Наконец из смрада и смога начали выступать неясные, но огромные развалины, каких в поселке никогда не видывали. А вот труб становилось все меньше. И проволоки колючей убавлялось.
— В городе благодатно, — приговаривал Мухомор, улавливая настроение, — город, это место непростое, я вам много чего про город расскажу, дай только бог, добраться! Я грамоте разумею, много читал да и с людями толковыми общение имел, со мной не пропадете. Эх вы-и, провин-циялы!
Додя кряхтел, поправлял толстый шарф на шее, но не препирался.
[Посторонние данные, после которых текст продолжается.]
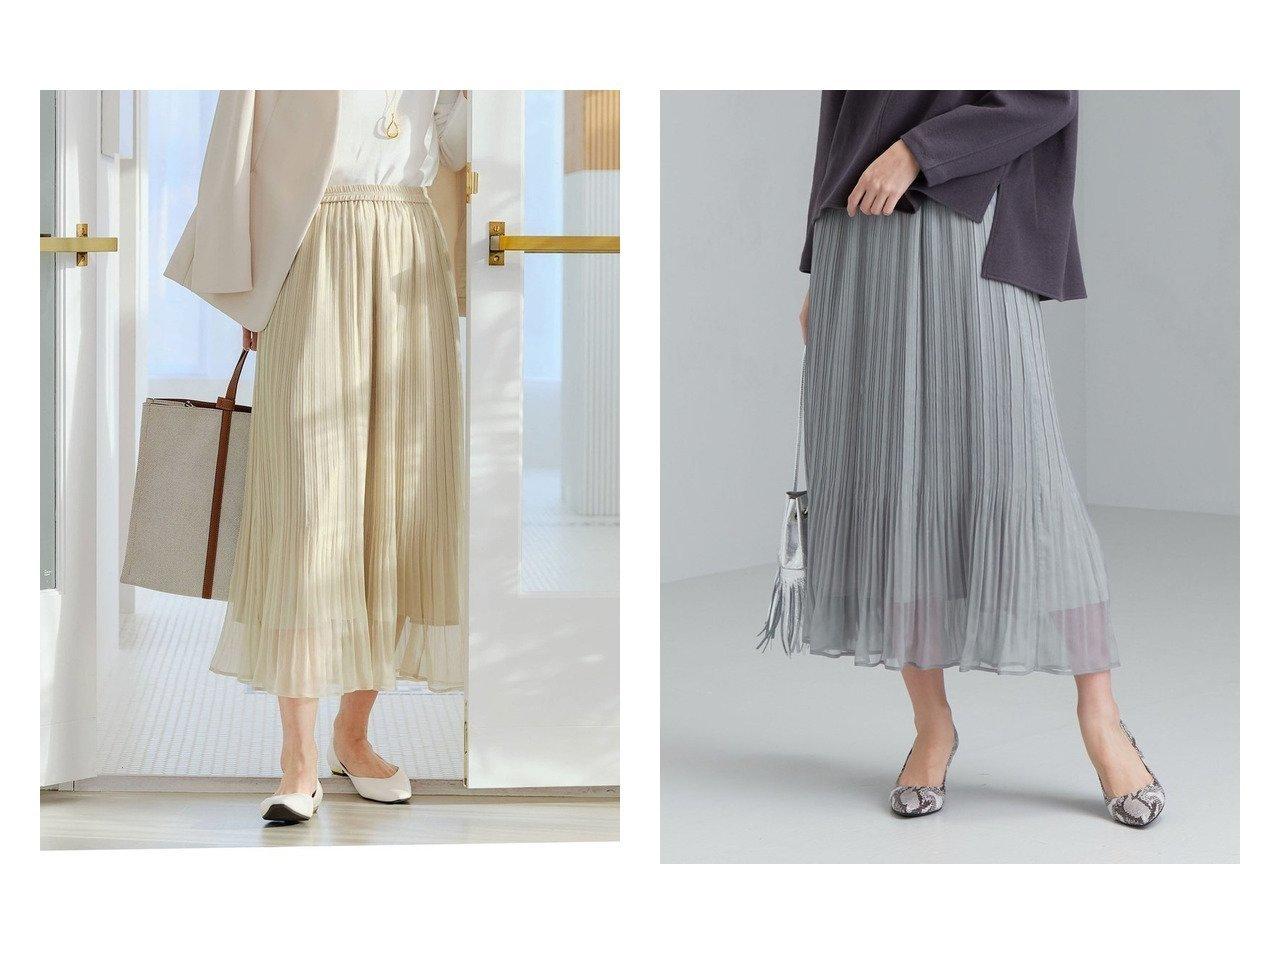 【green label relaxing / UNITED ARROWS/グリーンレーベル リラクシング / ユナイテッドアローズ】のFFC シアー プリーツ スカート 【スカート】おすすめ!人気、トレンド・レディースファッションの通販 おすすめで人気の流行・トレンド、ファッションの通販商品 メンズファッション・キッズファッション・インテリア・家具・レディースファッション・服の通販 founy(ファニー) https://founy.com/ ファッション Fashion レディースファッション WOMEN スカート Skirt プリーツスカート Pleated Skirts ロングスカート Long Skirt シアー シンプル トレンド プリーツ ロング |ID:crp329100000027830

Старичок им сейчас ох как нужен был.
— Это не город еще, а пригород только, — вещал Мухомор, — а вы уж и рты поразевали, село!
Издали, сквозь туман паломники узрели и вовсе непонятное для них и величественное, одним словом — чудо света! На площади, на самом чистом месте, вдалеке от развалин стояли два огромных ржавых почерневших шара. И прямо от них вверх шел несусветно великий и толстый столб, увенчивающийся набалдашником. Эдакое великолепие можно было только в сказке увидать.
— Стоит, — важно сказал Мухомор, — и еще тыщу лет простоит.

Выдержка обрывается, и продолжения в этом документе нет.